- Born: December 28, 1920 Norwood, North Carolina
- Died: February 8, 1983 (aged 62) Albemarle, North Carolina
- Genres: Bluegrass
- Occupation(s): Bassist, Singer, Songwriter
- Instrument(s): Bass, Vocals
- Years active: 1953–1964

= Bessie Lee Mauldin =

Bessie Lee Mauldin (December 28, 1920 – February 8, 1983) was an American bluegrass bassist, singer, songwriter, and a member of the bluegrass band “Bill Monroe and the Blue Grass Boys” from 1953–1964. Bessie Lee was nicknamed "The Carolina Songbird" by Bill Monroe.

== Pioneer and trailblazer ==

Bessie Lee was one of the first professional women bluegrass bass players, a trail blazer, and as such Bessie Lee paved the way for both men and women bluegrass bass players for generations that continues to this very day. As one of the first female bluegrass bass players she more than rose to the occasion as a foundational member in Monroe’s bluegrass band for over a decade. She was one of the Bluegrass Boys from 1953–1964. Bessie Lee Maudlin was a prolific contributor, as a member of Bill Monroe’s Blue Grass Boys. She played string bass on 35 of Monroe’s recording sessions, which amounted to 111 cuts, and no other musician or Blue Grass Boy contributed to more recordings, with the exception of Kenny Baker, his fiddler.

== Bandmate and bassist ==

There is plenty of evidence that Bessie Lee was a string bass player at least on par, if not exceeding, her professional contemporaries.
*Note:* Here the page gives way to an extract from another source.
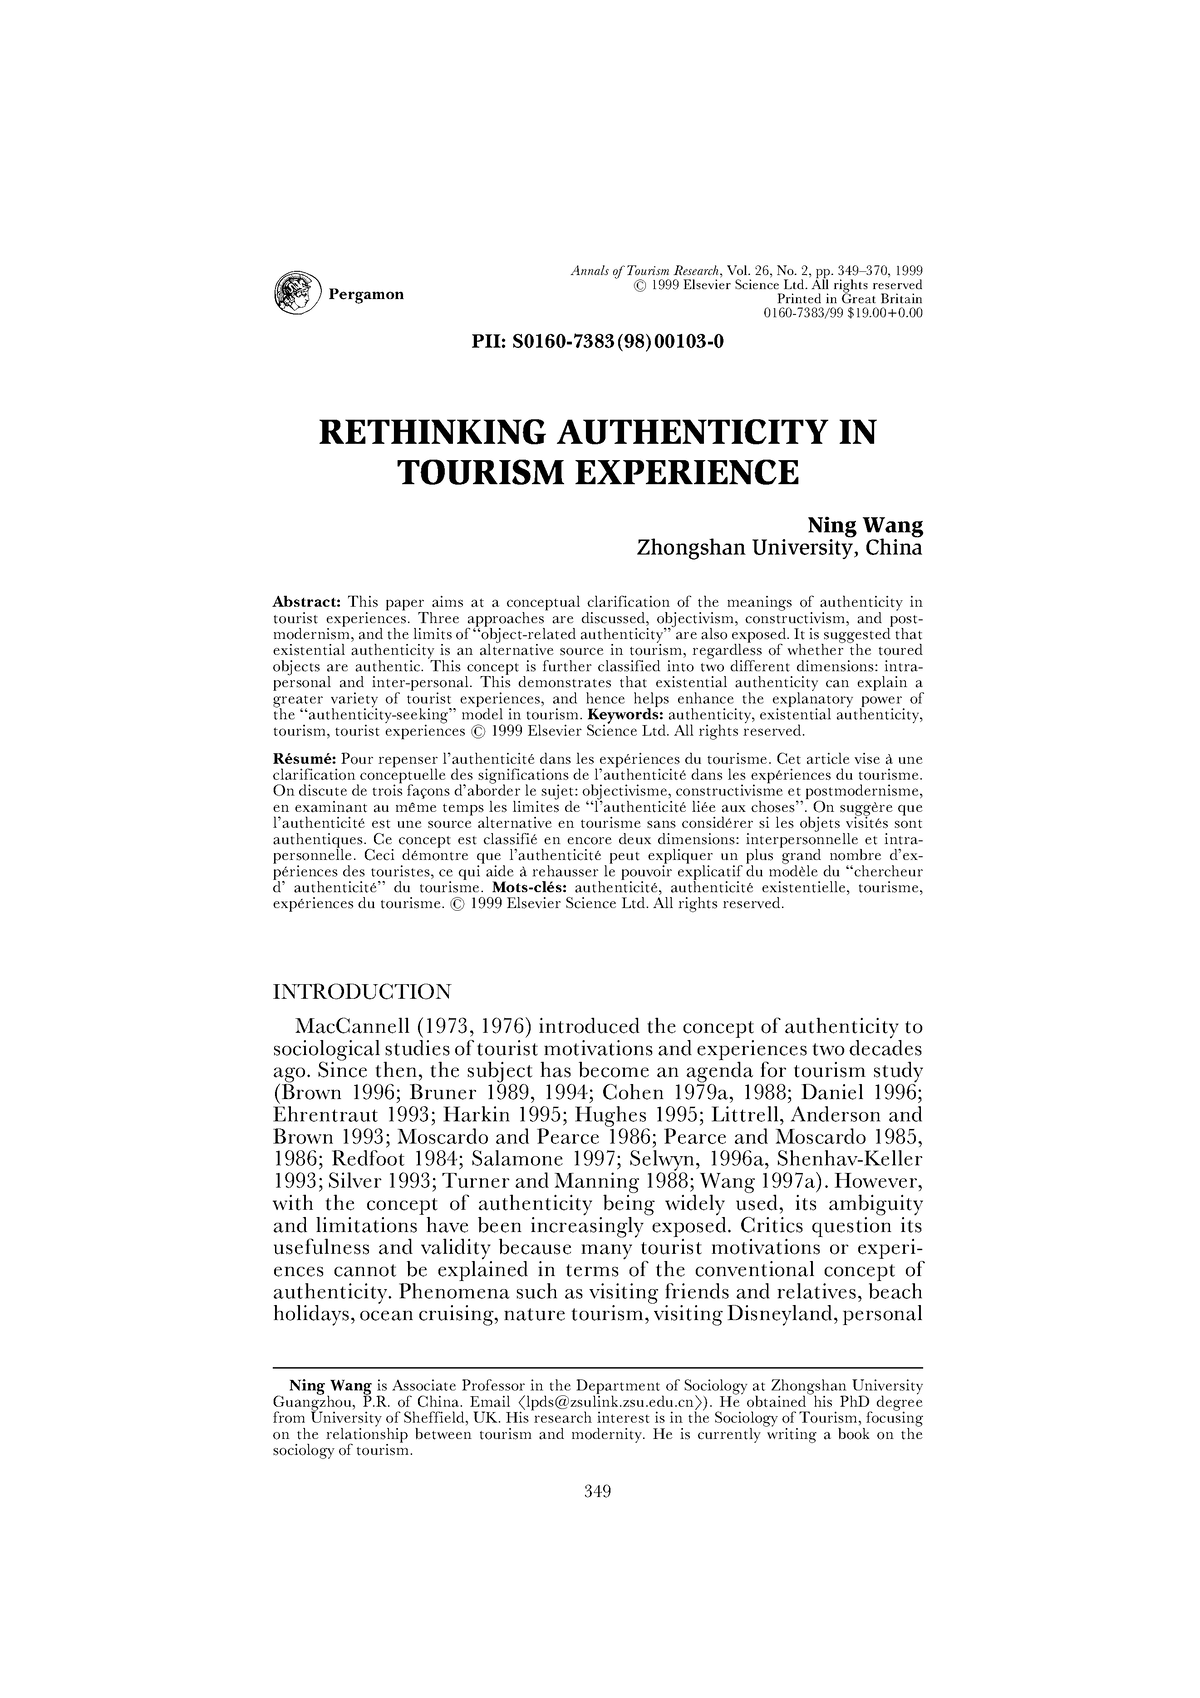 annals of tourism research empirical insights
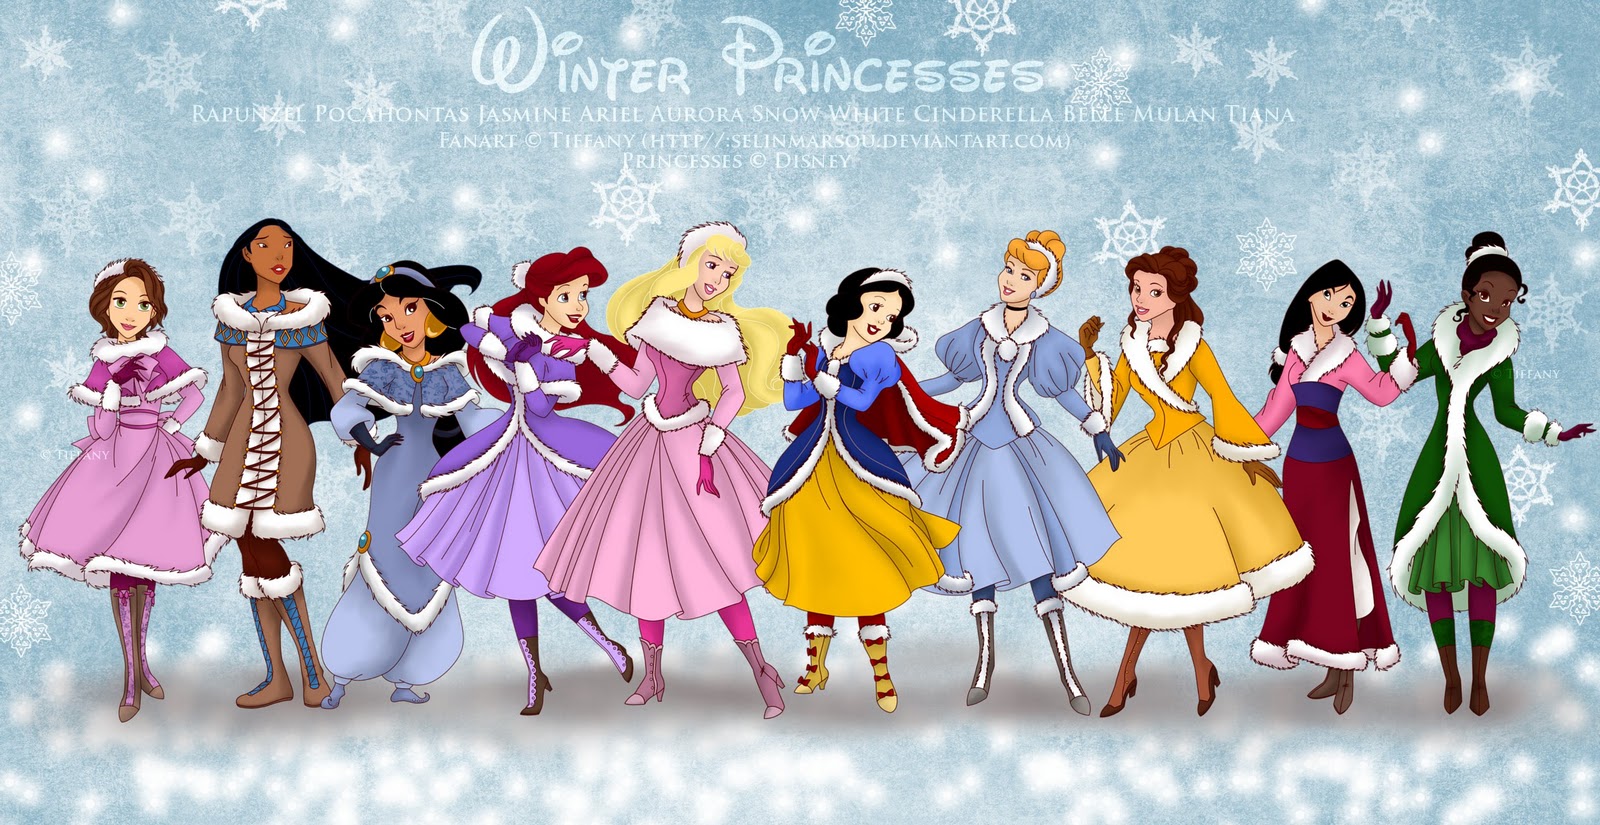 http://3.bp.blogspot.com/-IKALUHAnstk/Tylupk0SNOI/AAAAAAAADkI/7bO5mrQnvgg/s1600/Princesas_Disney__winter_princesses_by_selinmarsou.jpg

Her length of time in the band, twelve years in the band, is one primary indication of her own long-lasting professionalism. Monroe, with his high degree of professionalism and virtuosity played with exceptionally talented musicians, of the time, and Bessie was no exception. He is known to have demanded the best and must have found her playing to be rhythmically and stylistically solid for his hard driving and up-tempo bluegrass music. Her playing was more than just the straight ahead root-five and her ability to add bass runs as was evident on her recordings. Bessie Lee recorded with Monroe both vocally and instrumentally, which began on September 16, 1955. The depth of her talents are demonstrated by her recordings in numerous keys, for example, “A, B-flat, B, C, possibly C-sharp, D, E, F, G, and possibility G-sharp”. She was a bandmate and bassist of professional levels that endured for over a decade, and in the face of much adversity.

== Early years and personal life ==

Unfortunate but understandable, little is known of Bessie Lee’s private life as she lived in the shadows as both a bass player, and Bill Monroe’s first “other women”. What is known of her private life mostly comes from Monroe’s biography, Can’t You Hear Me Callin’” by Richard D. Smith. Some fans and supporters of Monroe seem to indicate that too much may have been revealed by Smith’s writing. These writings exposed potentially intimate facts concerning the impropriety of Bessie Lee and Bill’s relationship. During the time of their alleged intimate relationship Monroe was married to Carolyn Brown.

Mauldin’s and Monroe’s partnered personal relationship seems to stand in contrast to their professional lives together and in contrasts to the deeply religious music they performed and created. Bessie Lee had a profound influence on Bill Monroe both on and off the stage. Their relationship of was an inspiration for Bill’s music and is evident by several of his songs. One of them being “How Do I Explain you?” as pointed out by Murphy Hicks Henry in her book “Pretty Good for a Girl”, and indeed, he never really did accurately explain their relationship.

Bill’s influence on Bessie Lee was both impactful and long lasting (also three decades). Bessie Lee would have apparently met Bill Monroe in early 1936 at the high school in Norwood, North Carolina (though it is not known for certain). Bessie Lee was a winner of a school contest for selling the most Monroe Brothers tickets for a show the Monroe’s were performing at the school. In early 1936 The Monroe Brothers performed on the radio in Charlotte, N.C. near her hometown of Norwood, N.C.
Of the few songs that Monroe and Mauldin wrote together, one of the most popular ones was a gospel song, A Voice From On High, which was performed by various musical artist, including The Stanley Brothers Ricky Skaggs, and Bob Dylan who performed it as an opening number in August 2002.

== Death ==
Bessie Lee Maudlin moved back to her hometown of Norwood, North Carolina, and was cared for by family members. Bessie Lee Mauldin died on February 8, 1983, at Stanley Memorial Hospital in Albemarle near her hometown of Norwood, North Carolina from “acute myocardial infarction” exacerbated by diabetes.